Early in his career, Newman was a journalist for the magazines City Limits and Knave.
Newman's first two books were the non-fiction Ghastly Beyond Belief: The Science Fiction and Fantasy Book of Quotations (1985), co-written with his friend Neil Gaiman, a light-hearted tribute to entertainingly bad prose in fantastic fiction and Nightmare Movies: A Critical History of the Horror Film, 1968–88 (1988) is a serious history of horror films. An expanded edition, an update of his overview of post-1968 genre cinema, was published in 2011. Nightmare Movies was followed by Wild West Movies: Or How the West Was Found, Won, Lost, Lied About, Filmed and Forgotten (1990) and Millennium Movies: End of the World Cinema (1999). Newman's non-fiction also includes the BFI Companion to Horror (1996).
Newman and Stephen Jones jointly edited Horror: 100 Best Books, the 1988 horror volume in Xanadu's 100 Best series and Horror: Another 100 Best Books, a 2005 sequel from Carroll & Graf, U.S. publisher of the series. The books comprise 100 essays by 100 horror writers about 100 horror books and both won the annual Bram Stoker Award for Best Non-Fiction.[4]
Newman is a contributing editor to the UK film magazine Empire, as well as writing the monthly segment, "Kim Newman's Video Dungeon", in which he gives often scathing reviews of recently released straight-to-video horror films. He contributes to Rotten Tomatoes, Venue, Video Watchdog ('The Perfectionist's Guide to Fantastic Video') and Sight and Sound.[5] Newman is the author of the Doctor Who entry in the British Film Institute's book series on TV Classics.[6] In 2018, Newman became the chief writer on the BBC Four documentary series Mark Kermode's Secrets of Cinema.
Newman participated in the 2012 Sight & Sound critics' poll, where he listed his ten favorite films as follows: , Apocalypse Now, A Canterbury Tale, Céline and Julie Go Boating, Citizen Kane, Duck Amuck, Let's Scare Jessica to Death, Mulholland Drive, Notorious, and To Have and Have Not.[7]
Newman's first published novel was The Night Mayor (1989), set in a virtual reality, based on old black-and-white detective movies.[8] In the same year, as "Jack Yeovil", he began contributing to a series of novels published by Games Workshop, set in the world of their Warhammer and Dark Future wargaming and role-playing games. Games Workshop's fiction imprint Black Flame returned the Dark Future books to print in 2006, publishing Demon Download, Krokodil Tears, Comeback Tour and the expanded, 250-page version of the short story "Route 666".
Anno Dracula was published in 1992. The novel is set in 1888, during Jack the Ripper's killing spree—but a different 1888, in which Dracula became the ruler of England.

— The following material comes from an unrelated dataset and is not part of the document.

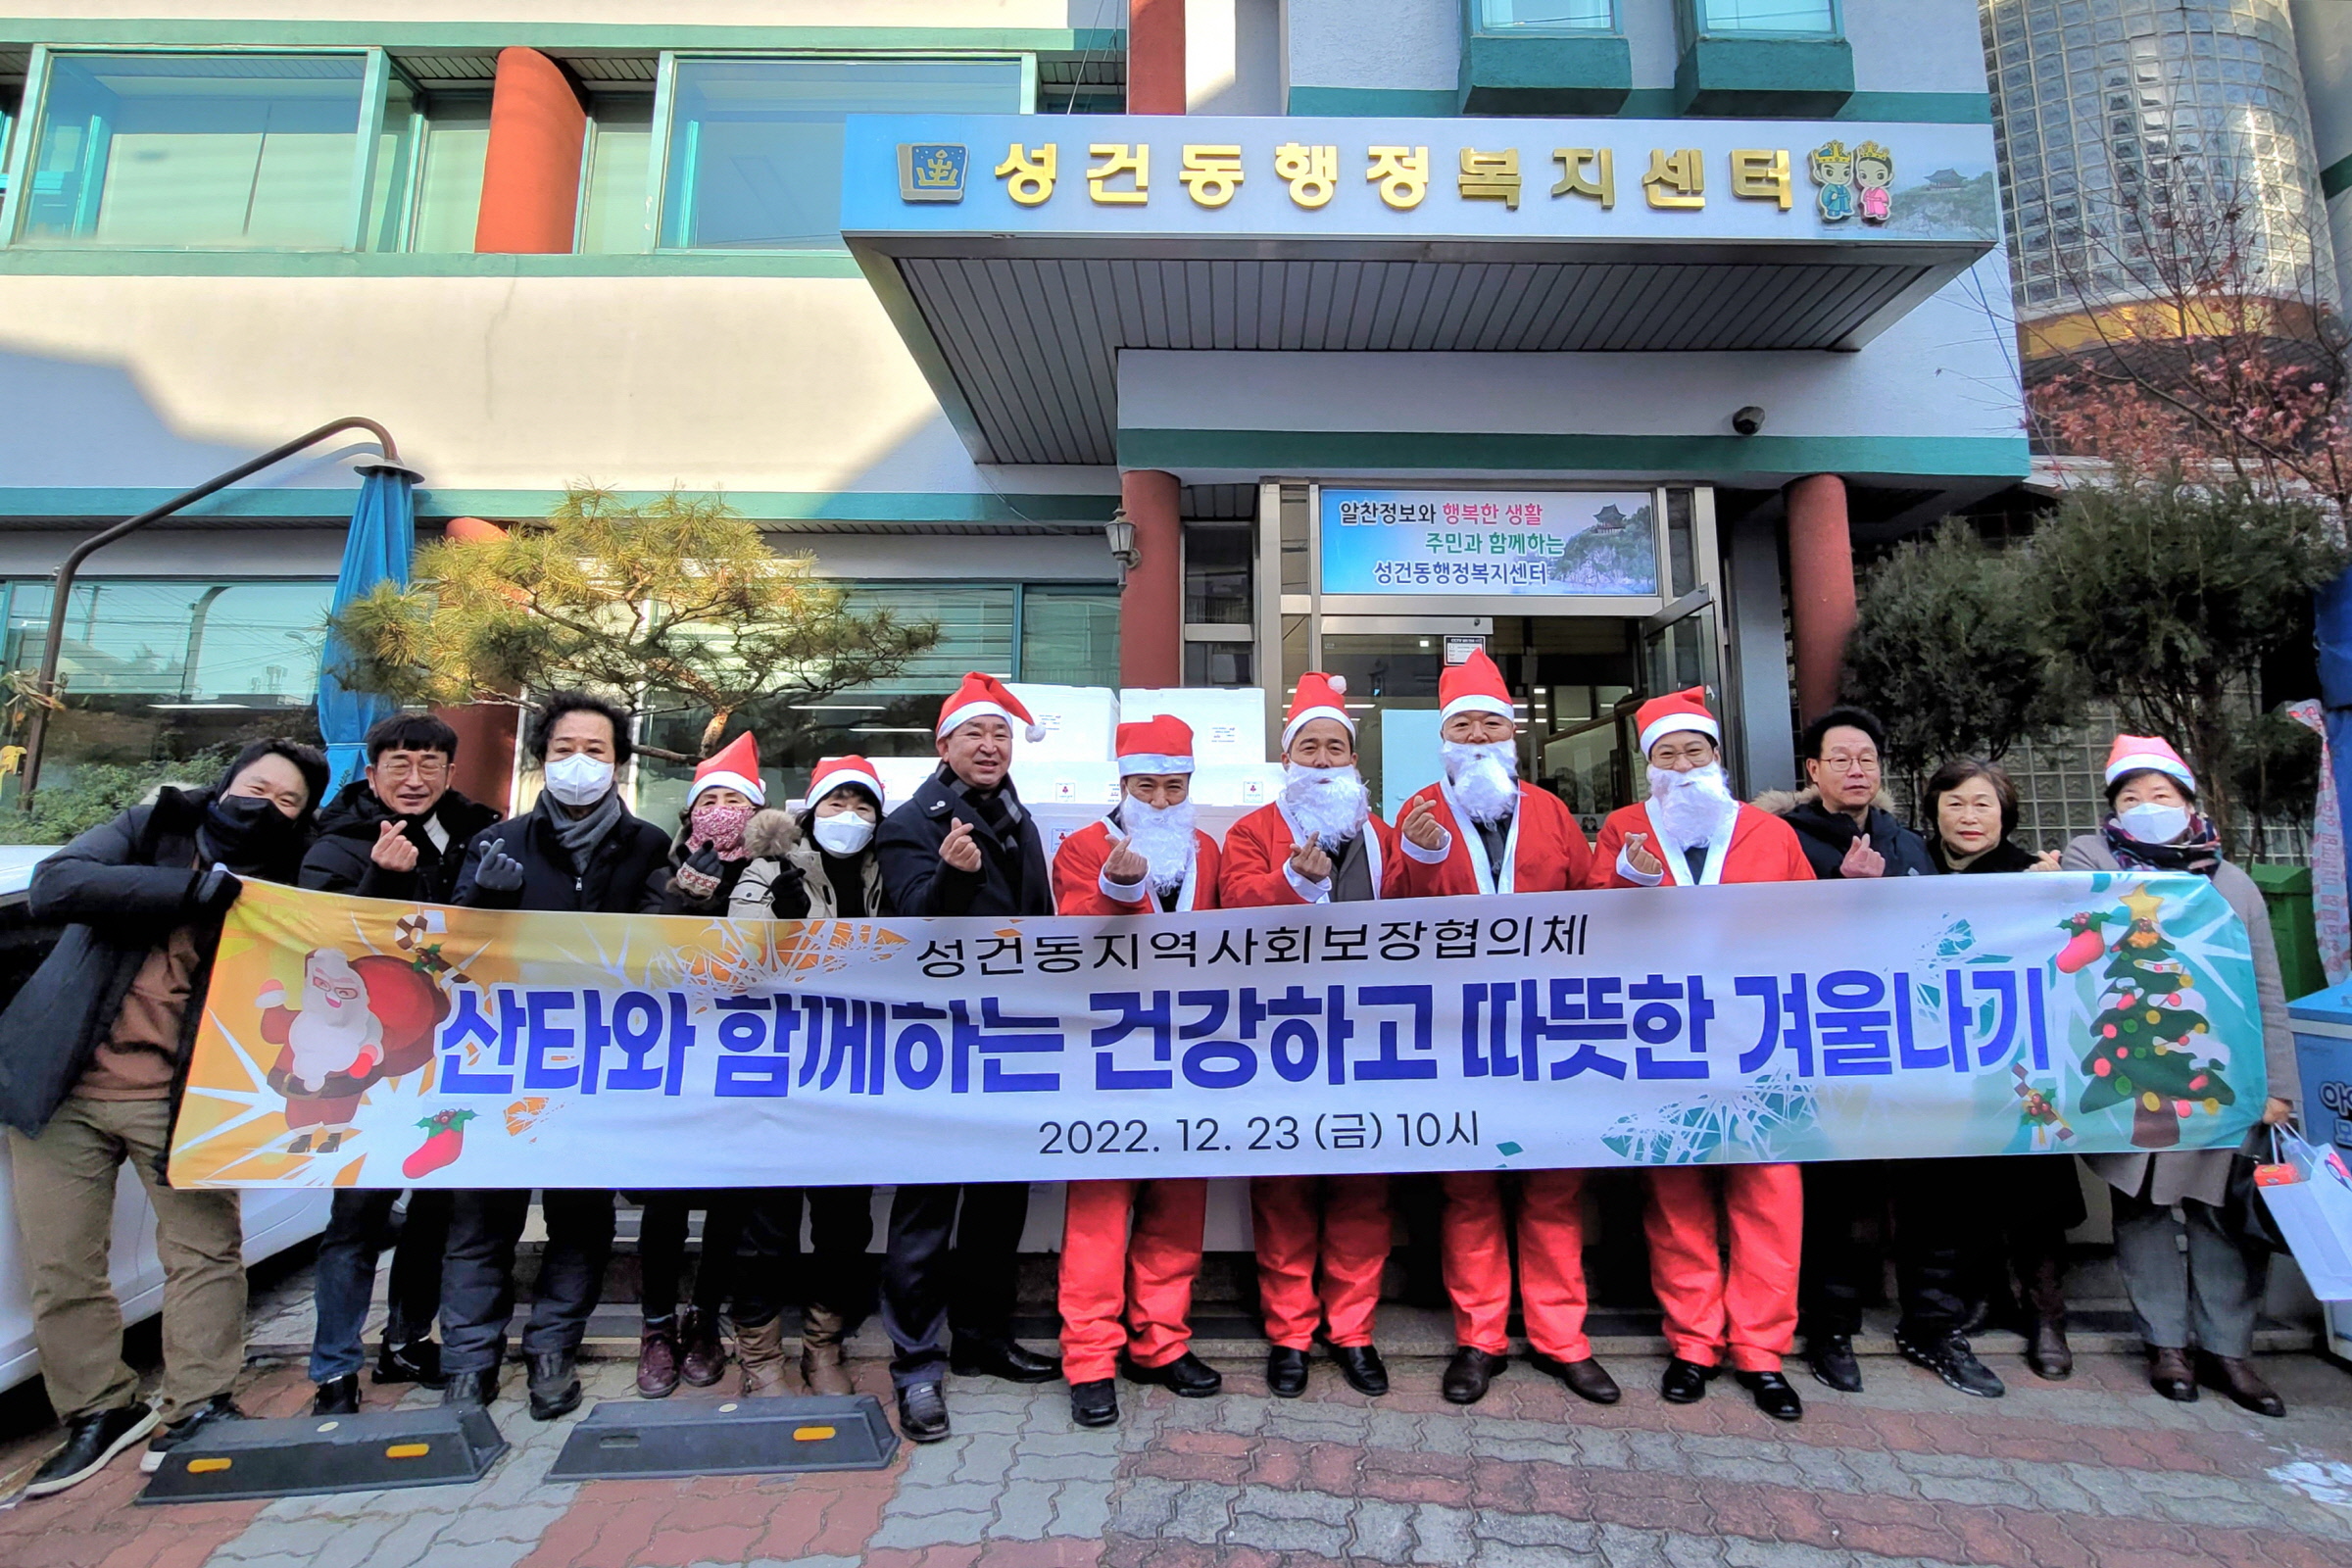 성건동지역사회보장협의체, 산타와 함께하는 따뜻하고 건강한 겨울나기 행사 열어

Anno Dracula was followed by the Anno Dracula series of novels and shorter works, that followed the same alternative history. The fourth novel in the series was published in 2013 as Johnny Alucard.[9]
Other novels include Life's Lottery (1999), in which the protagonist's life story is determined by the reader's choices[10] (an adult version of the Choose Your Own Adventure series of children's books), The Quorum (1994), Jago (1991) and Bad Dreams (1990).
Newman wrote a Doctor Who novella, Time and Relative in 2001.
Newman has been nominated for the Rondo Hatton Classic Horror Award six times and for the World Fantasy Award seven times.